CONFIGURATION AND ENVIRONMENT

WWW::Patent::Page requires no configuration files or environment variables.

WWW::Patent::Page makes use of LWP environmental variables such as HTTP_PROXY.

DEPENDENCIES

LWP::UserAgent HTTP::Response

INCOMPATIBILITIES

None reported.

BUGS AND LIMITATIONS

Code contributions, suggestions, and critiques are welcome.

Error handling is undeveloped.

By definition, a non-trivial program contains bugs.

For United States Patents (US) via the USPTO (USPTO), the 'kind' is ignored in method provide_doc

AUTHOR

Wanda B. Anon
Wanda.B.Anon@gmail.com

LICENSE AND COPYRIGHT

Copyright (c) 2008, Wanda B. Anon wanda.b.anon@GMAIL.com . All rights reserved.

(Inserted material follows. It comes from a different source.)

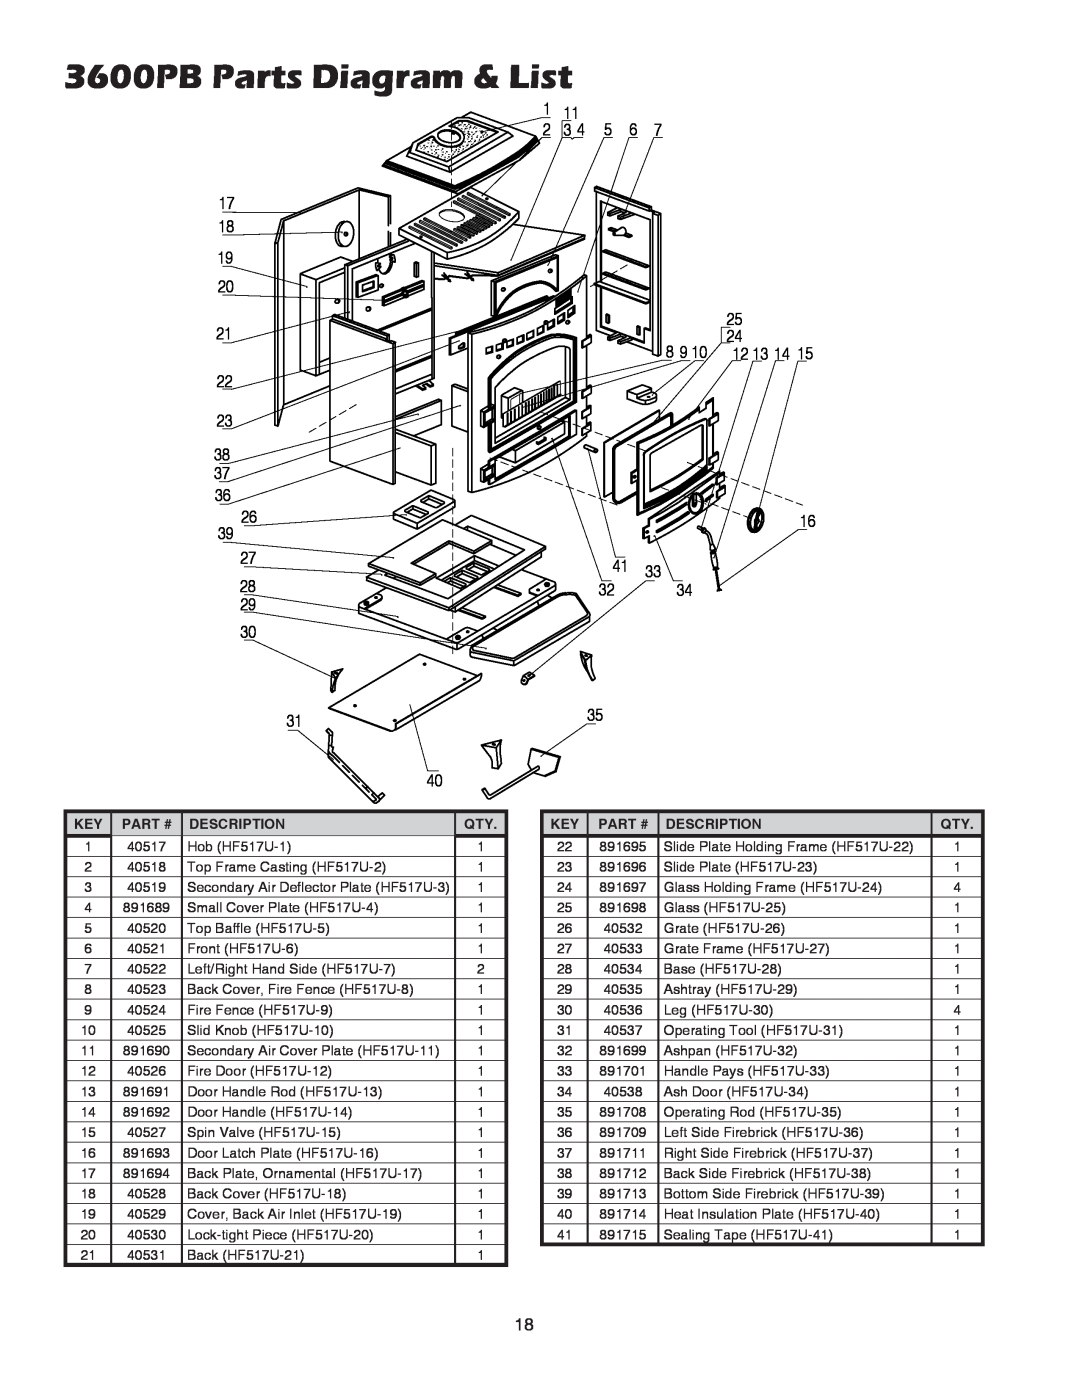 United States Stove 3800PB owner manual 3600PB Parts Diagram & List, Part #, Description

This program is free software; you can redistribute it and/or modify it under the Artistic License version 2.0 or above ( http://www.perlfoundation.org/artistic_license_2_0 ) .

ACKNOWLEDGEMENTS

Hermann Schier, Lokkju, Andy Lester, the authors of Finance::Quote, Erik Oliver for patentmailer, Howard P. Katseff of AT&T Laboratories for wsp.pl, version 2, a proxy that speaks LWP and understands proxies, and of course Larry and Randal and the gang.

DISCLAIMER OF WARRANTY

BECAUSE THIS SOFTWARE IS LICENSED FREE OF CHARGE, THERE IS NO WARRANTY FOR THE SOFTWARE, TO THE EXTENT PERMITTED BY APPLICABLE LAW. EXCEPT WHEN OTHERWISE STATED IN WRITING THE COPYRIGHT HOLDERS AND/OR OTHER PARTIES PROVIDE THE SOFTWARE "AS IS" WITHOUT WARRANTY OF ANY KIND, EITHER EXPRESSED OR IMPLIED, INCLUDING, BUT NOT LIMITED TO, THE IMPLIED WARRANTIES OF MERCHANTABILITY AND FITNESS FOR A PARTICULAR PURPOSE. THE ENTIRE RISK AS TO THE QUALITY AND PERFORMANCE OF THE SOFTWARE IS WITH YOU. SHOULD THE SOFTWARE PROVE DEFECTIVE, YOU ASSUME THE COST OF ALL NECESSARY SERVICING, REPAIR, OR CORRECTION.

IN NO EVENT UNLESS REQUIRED BY APPLICABLE LAW OR AGREED TO IN WRITING WILL ANY COPYRIGHT HOLDER, OR ANY OTHER PARTY WHO MAY MODIFY AND/OR REDISTRIBUTE THE SOFTWARE AS PERMITTED BY THE ABOVE LICENCE, BE LIABLE TO YOU FOR DAMAGES, INCLUDING ANY GENERAL, SPECIAL, INCIDENTAL, OR CONSEQUENTIAL DAMAGES ARISING OUT OF THE USE OR INABILITY TO USE THE SOFTWARE (INCLUDING BUT NOT LIMITED TO LOSS OF DATA OR DATA BEING RENDERED INACCURATE OR LOSSES SUSTAINED BY YOU OR THIRD PARTIES OR A FAILURE OF THE SOFTWARE TO OPERATE WITH ANY OTHER SOFTWARE), EVEN IF SUCH HOLDER OR OTHER PARTY HAS BEEN ADVISED OF THE POSSIBILITY OF SUCH DAMAGES.